Моим родителям такое испытание оказалось не по плечу. Разочарованные и растерянные, они бегали туда-сюда, запыхавшись, поднимались по лестнице и, бормоча себе под нос что-то неразборчивое, снова спускались вниз, распахивали окна и вновь закрывали, задергивали занавески и снова их раздвигали. Порой моя мать падала от усталости в свое клубное кресло. Она громко причитала, затем начинала тихо плакать, позже плач переходил в молитву. Из отцовского кабинета доносились «Отче наш» и быстрые пронзительные причитания «Радуйся, Мария». Между тем мой отец, которому никогда не было дела до таких высших материй, искал связку ключей, которая в ходе треволнений куда-то задевалась. И конечно, перед ними обоими предстала загадка, которая была куда хуже и непостижимее, чем новая напасть, приключившаяся с нами семь лет спустя, когда опять в марте, марте 1945-го, английский бомбардировщик тихой взрывной волной навеки превратил наш дом в руины. Должно быть, это был предварительный толчок в узком кругу, интимный сдвиг мировой истории. Когда дело дошло до политики, практически все стало ясным и понятным. А в узком кругу это немыслимо. Семья – штука загадочная.
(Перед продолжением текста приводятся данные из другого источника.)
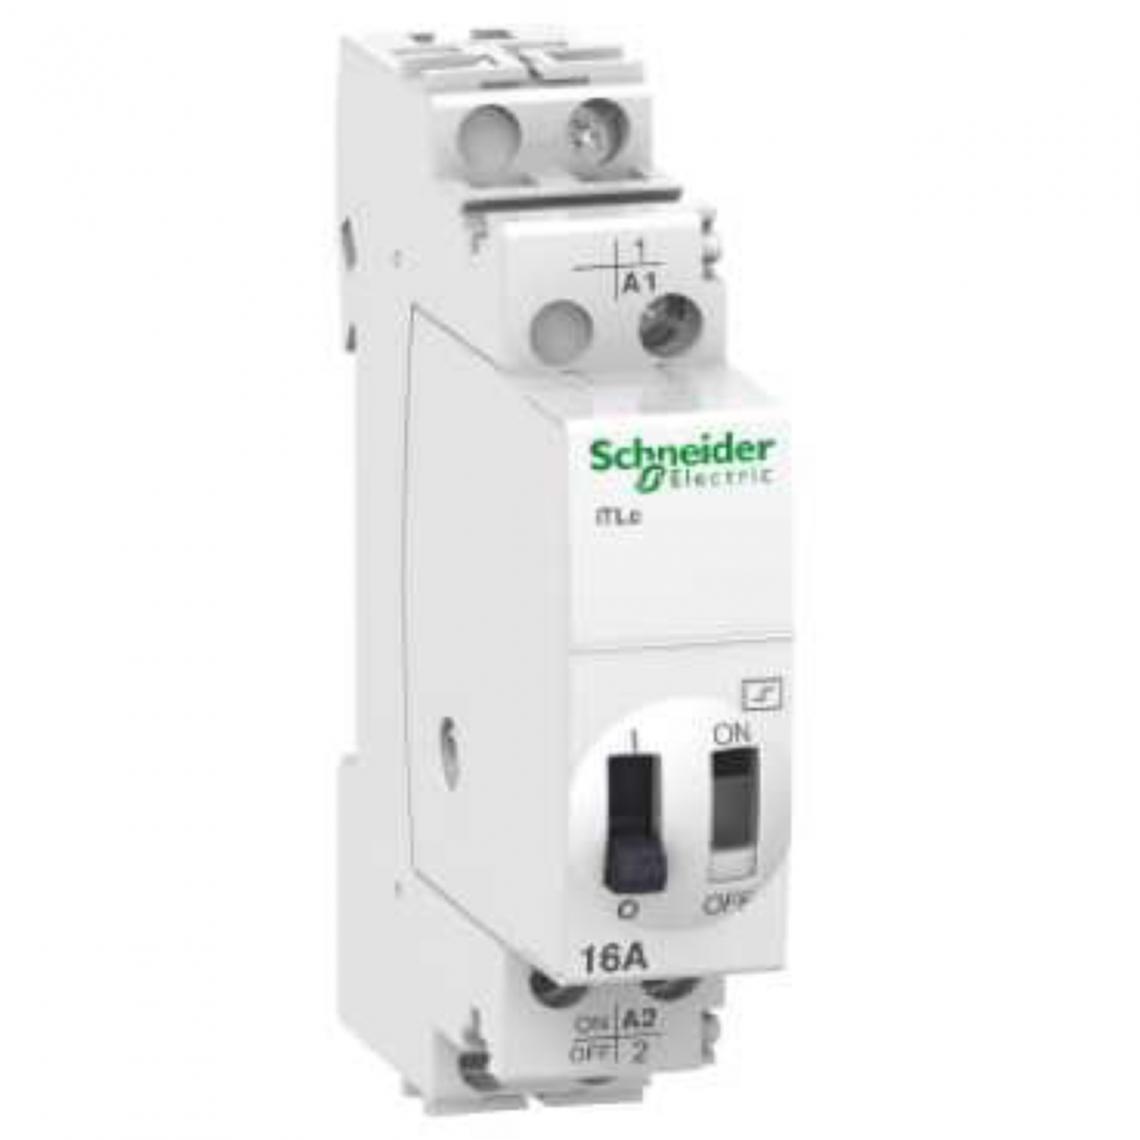 Schneider Electric - télérupteur - schneider - cde cent - 16a - 1no - 240v - schneider electric a9c33811 - Télérupteurs, minuteries et horloges
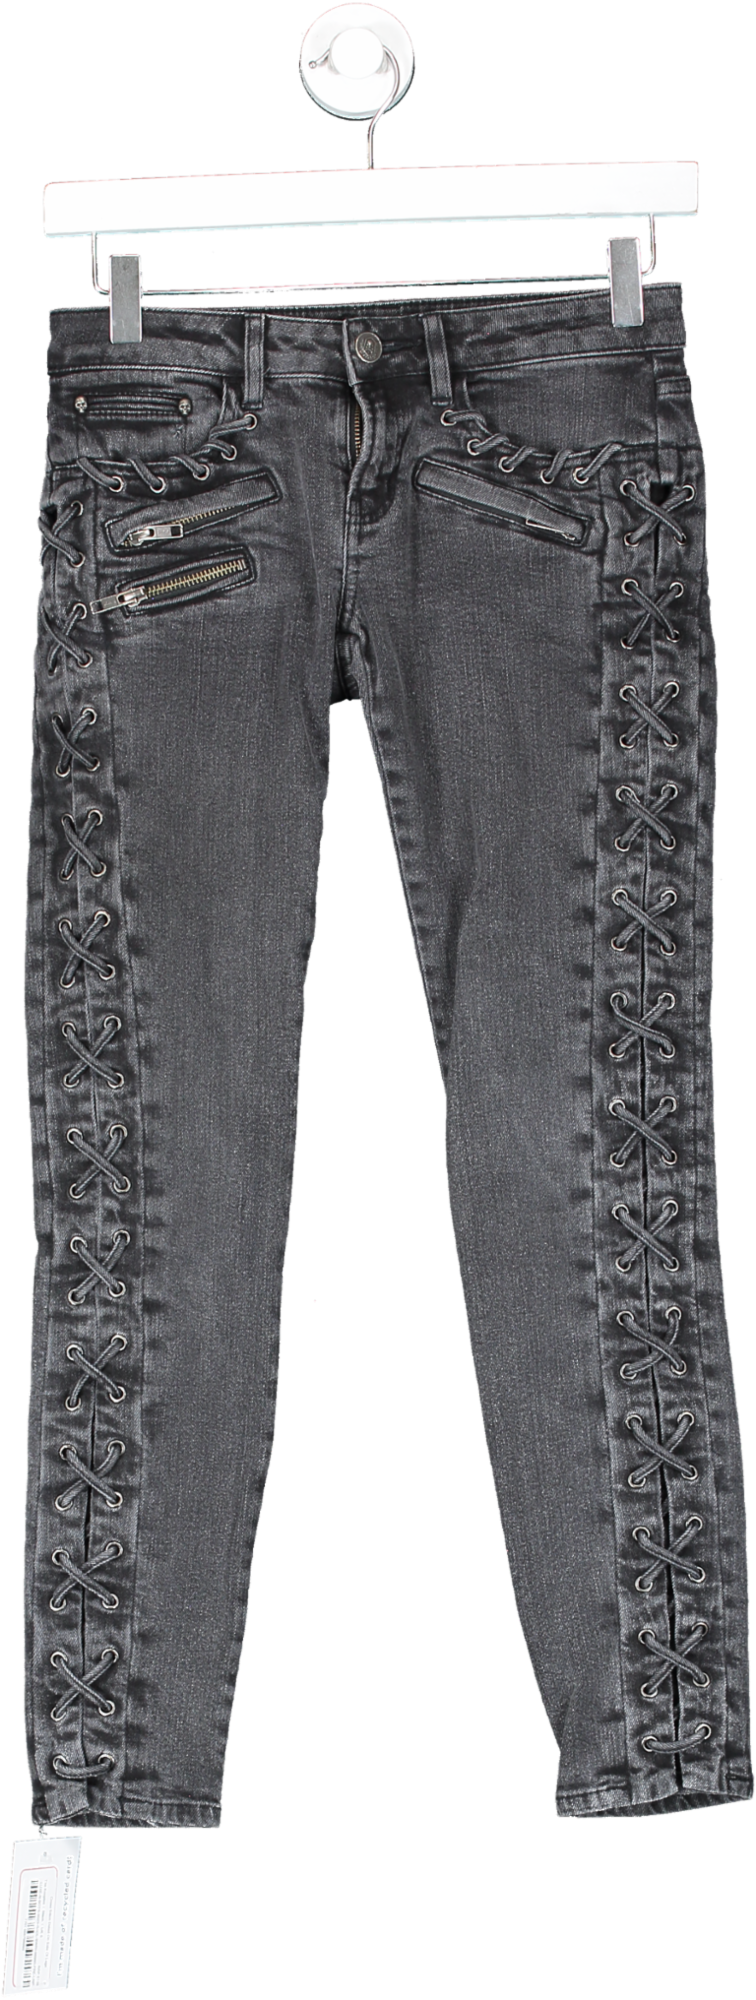 The Kooples Black Cross Stitch Detail On Side Of Legs UK 6

Мои родители жаловались на судьбу, принявшую такой злополучный поворот. Они говорили об отпрысках семьи и неблагодарности детей и перечисляли свои добрые дела во время мировой войны, инфляции, мирового экономического кризиса. Всегда было молоко, даже в 1923-м, и куплены все учебники, и куча денег на лесную школу, и весь груз воспоминаний, всегда все шло хорошо, везде сейчас дела идут в гору – и какова благодарность: просто отбросить свою жизнь, будто она ничего не стоит. Они сошлись во мнении, что нежелание Урсулы жить дальше – это проявление исключительной неблагодарности, нарушение воли Божьей, как это назвала моя мать, нарушение государственного порядка, как назвал это мой отец, проявление греховной неблагодарности, по сути, нацеленное исключительно против родителей. Дети должны испытывать к родителям постоянную, неизменную благодарность, а убивающие себя дети, собственно говоря, убивают своих родителей – вот что я услышал, и мне показалось, что в этом последнем обвинении есть крупица истины.